Robin had aspirations of being a veterinary surgeon from a young child, with strong interests in biology and the natural world. Originally planning to be large animal practitioner, Robin enrolled as a student at the Royal Veterinary College.
As a vet student Robin was somewhat atypical, finding the preclinical courses on physiology and biochemistry especially enjoyable. From this he developed a particular interest in the physiology of the nervous system, securing funding from his local authority for an extra year to complete a series of courses in neuroscience as part of an intercalated BSc in physiology at University College London. Upon completing this year Robin returned to the RVC to complete his clinical training in veterinary medicine and qualify as a vet.

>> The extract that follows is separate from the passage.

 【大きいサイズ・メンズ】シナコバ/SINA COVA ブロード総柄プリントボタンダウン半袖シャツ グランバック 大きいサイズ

After qualifying in 1988, Professor Franklin attended Cambridge Vet School to complete a PhD in neuroscience with Bill Blakemore. Robin completed his PhD in 1991 followed by a postdoctoral fellowship, where he continued to work on the mechanisms by which the central nervous system (the CNS) attempts to repair itself after injury. Whilst this work was all laboratory based, Robin maintained a parallel interest and involvement in veterinary neurology and in 1994 obtained a further fellowship from the Wellcome Trust to establish his own research group. This then led to a lectureship, and eventually in 2005 to the award of a personal professorship in neuroscience.

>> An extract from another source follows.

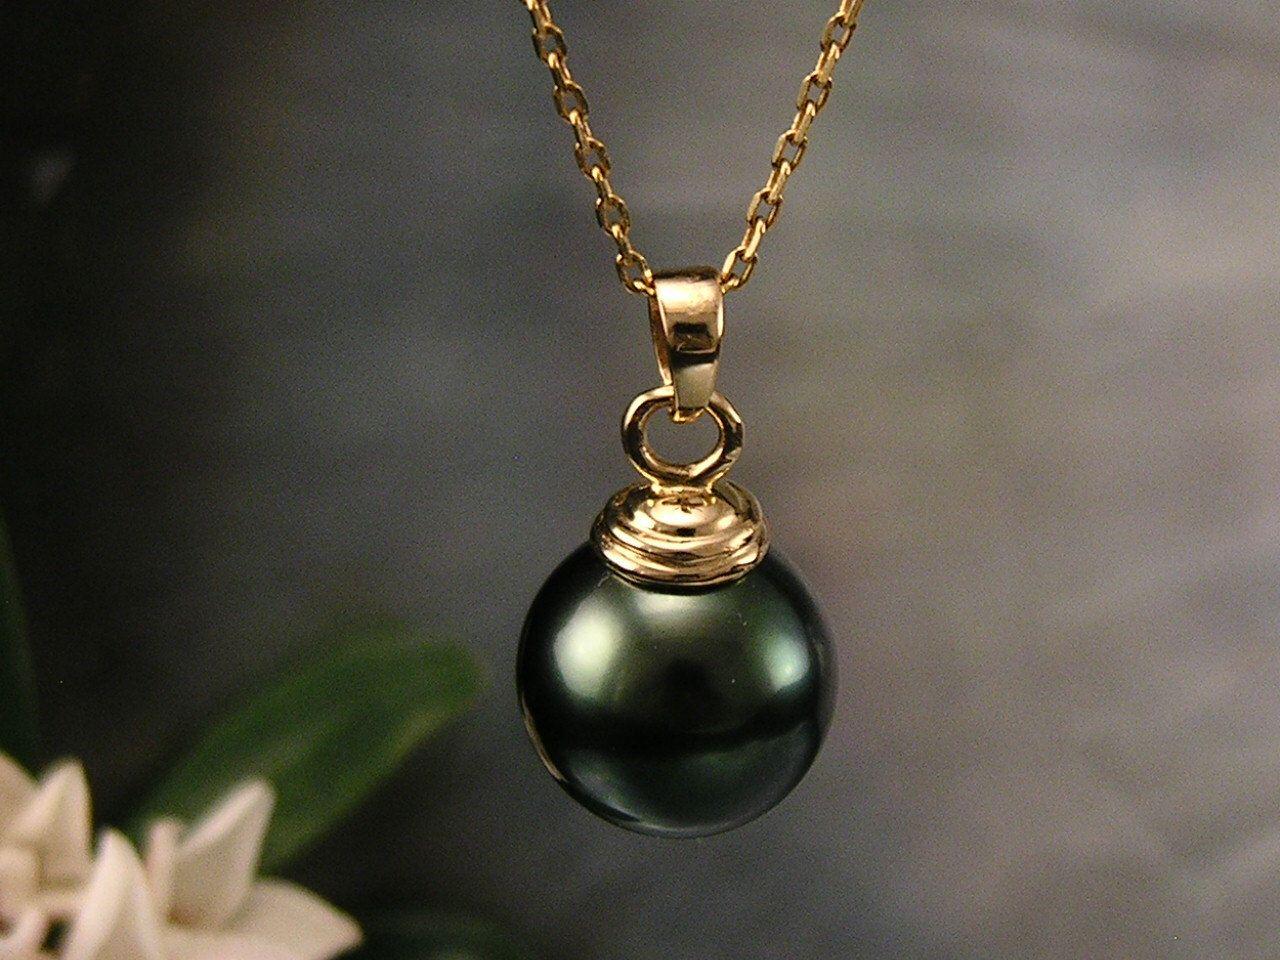 """Nero perla di """"Tahiti"""" Saltwater e 14 carati oro pendente di TheCallofTheIslands su Etsy https://www.etsy.com/it/listing/117186930/nero-perla-di-tahiti-saltwater-e-14"""

As a consequence his work on the fundamental biology of brain cells and regeneration increasing, Robin’s direct involvement in veterinary medicine decreased. This involvement in veterinary medicine was reignited however when Robin teamed up with Nick Jeffery, an academic veterinary neurologist with a particular interest in spinal cord injury in dogs. The pair’s work focused on a cell Professor Franklin had been studying since the mid-1990s, a specialised form of cell from the nose called an olfactory ensheathing cell that has properties which encourage nerve regrowth after spinal cord injury.
Nick and Robin explored whether these cells could be used to help dogs with spinal cord injury, a common neurological problem in the domestic dog population. The idea was to take these cells from an injured dog’s nose, grow them in tissue culture so that larger numbers of cells could be obtained and then transplant these cells back into the injured spinal cord of the dog from which they came. This led to a clinical trial in domestic dogs with spinal cord injury which the pair conducted together with Nicolas Granger, another academic veterinary neurologist. The work undertaken was the first ever randomised, double-blinded cell transplantation trial in clinical spinal cord injury in any species including humans.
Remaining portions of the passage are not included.